▶ DATA SHOWN
_ _ _ _ _ _ _

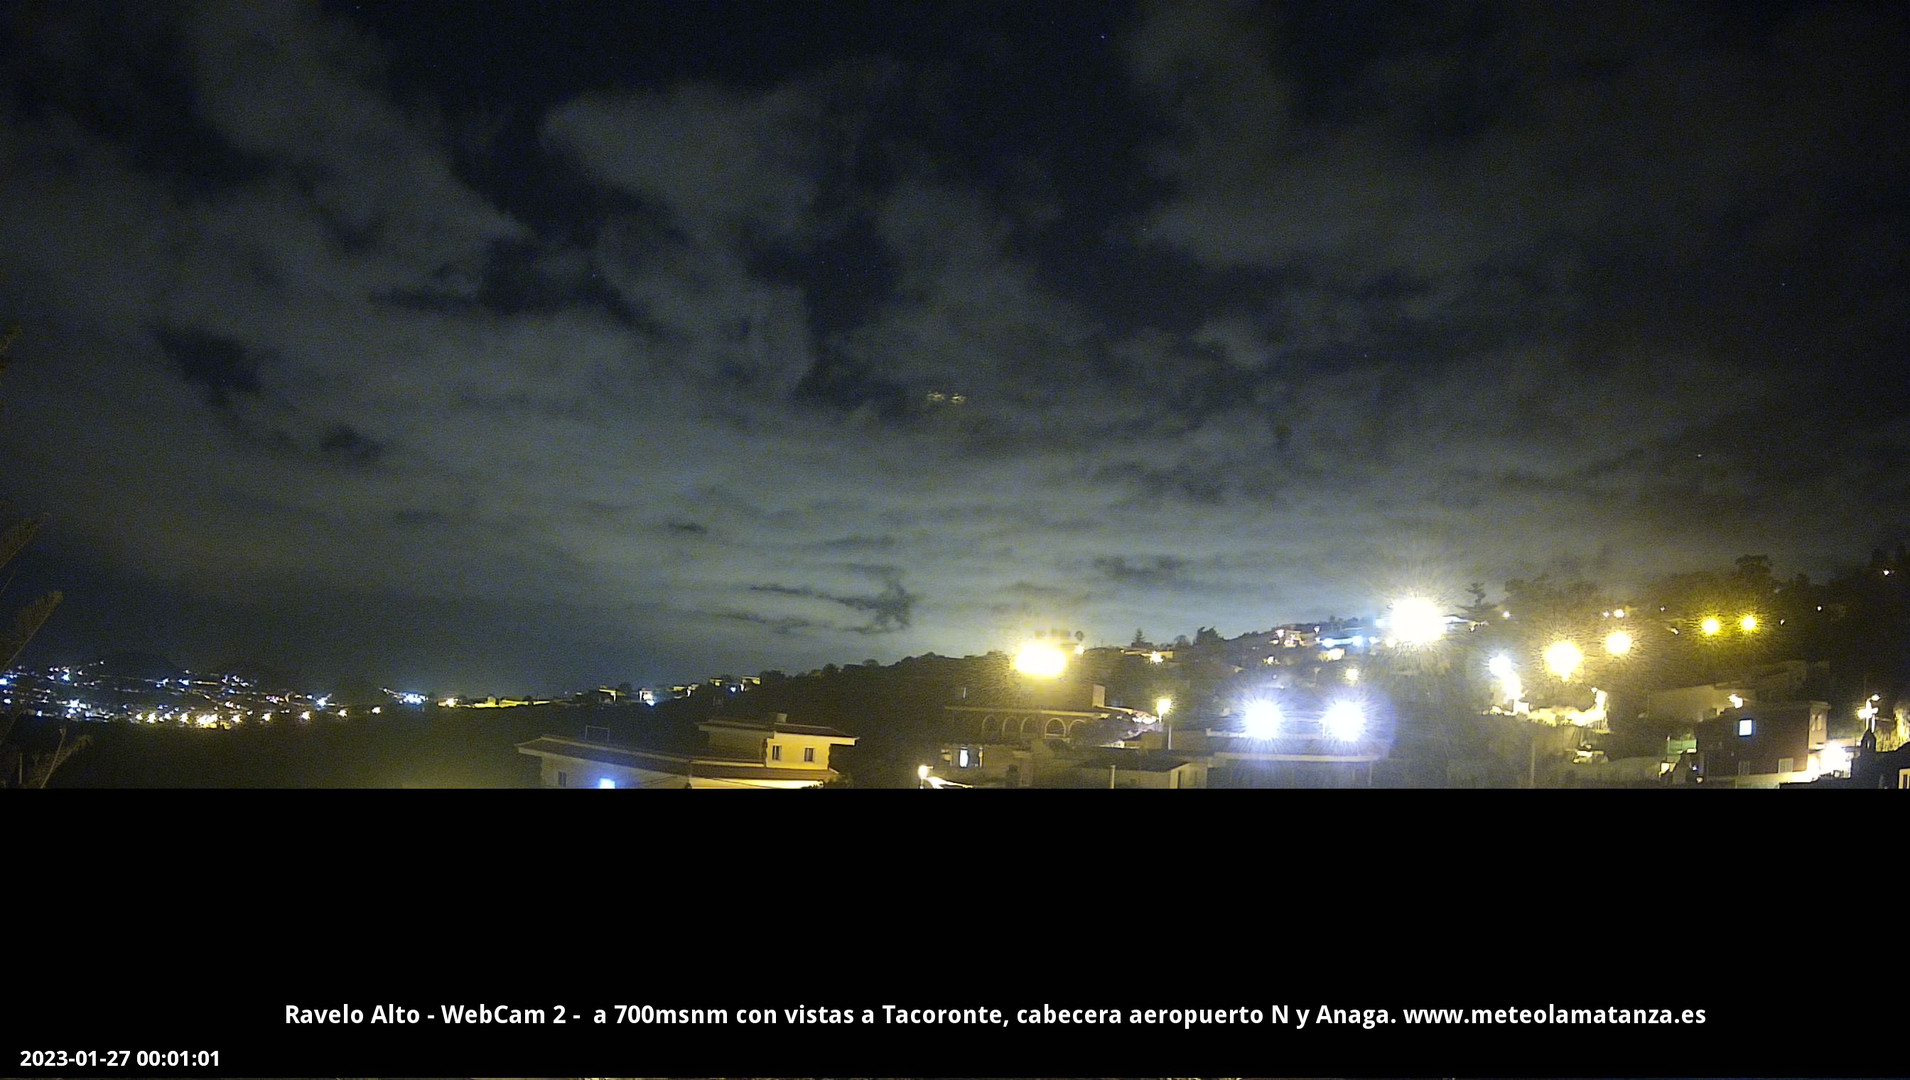 time-lapse frame, Ravelo, visión E-SE, 428msnm webcam
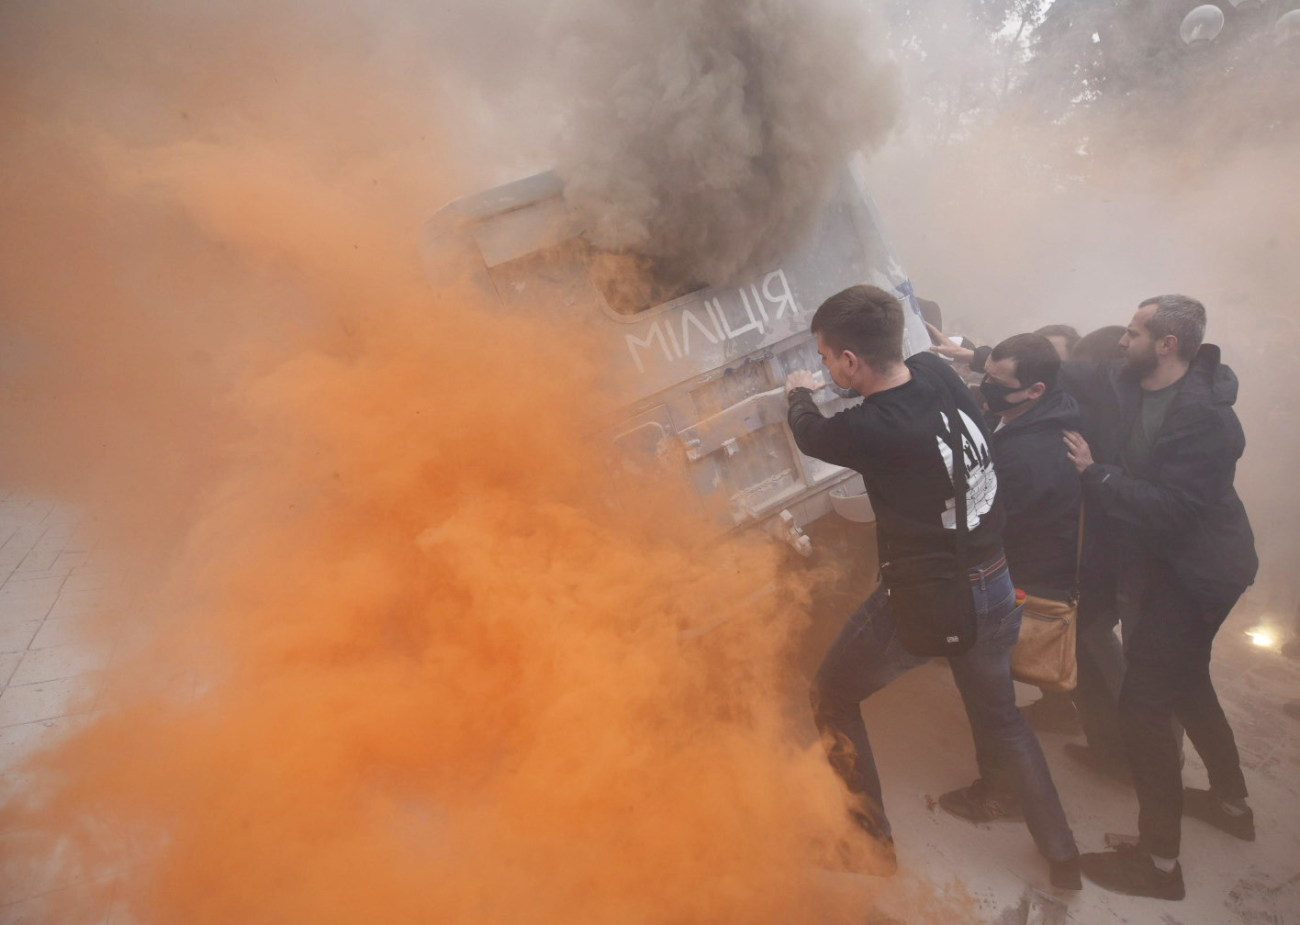 В Киеве митингуют против Авакова
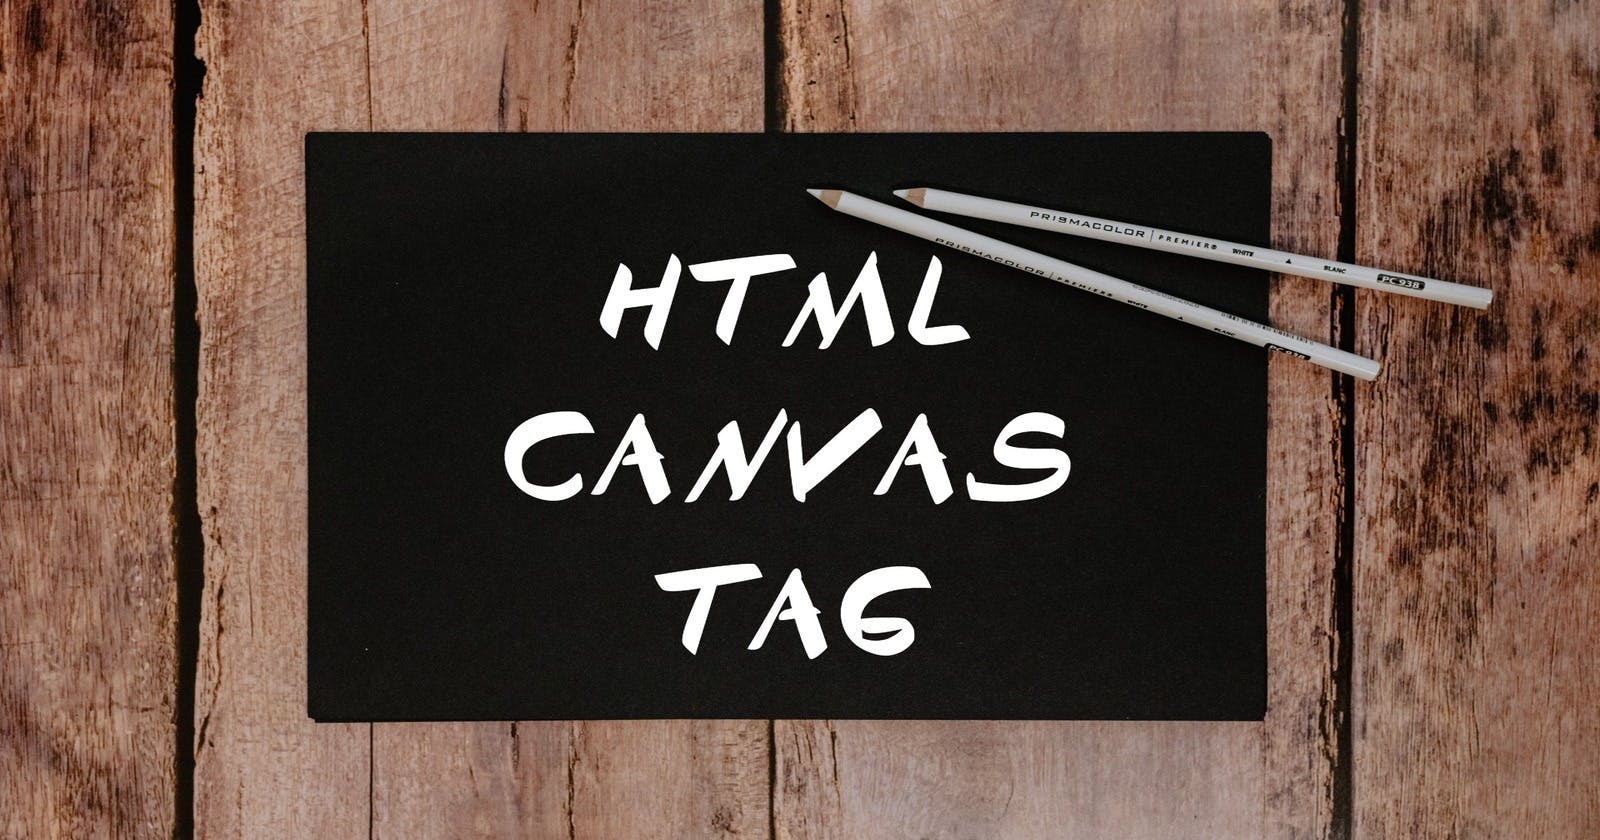 HTML Canvas Tag

_ _ _ _ _ _ _

▶ WHAT TO PRODUCE
A verbatim copy of the listing, with all pictures removed, is required.

▶ EXPECTED ANSWER
 time-lapse frame, Ravelo, visión E-SE, 428msnm webcam
 В Киеве митингуют против Авакова
 HTML Canvas Tag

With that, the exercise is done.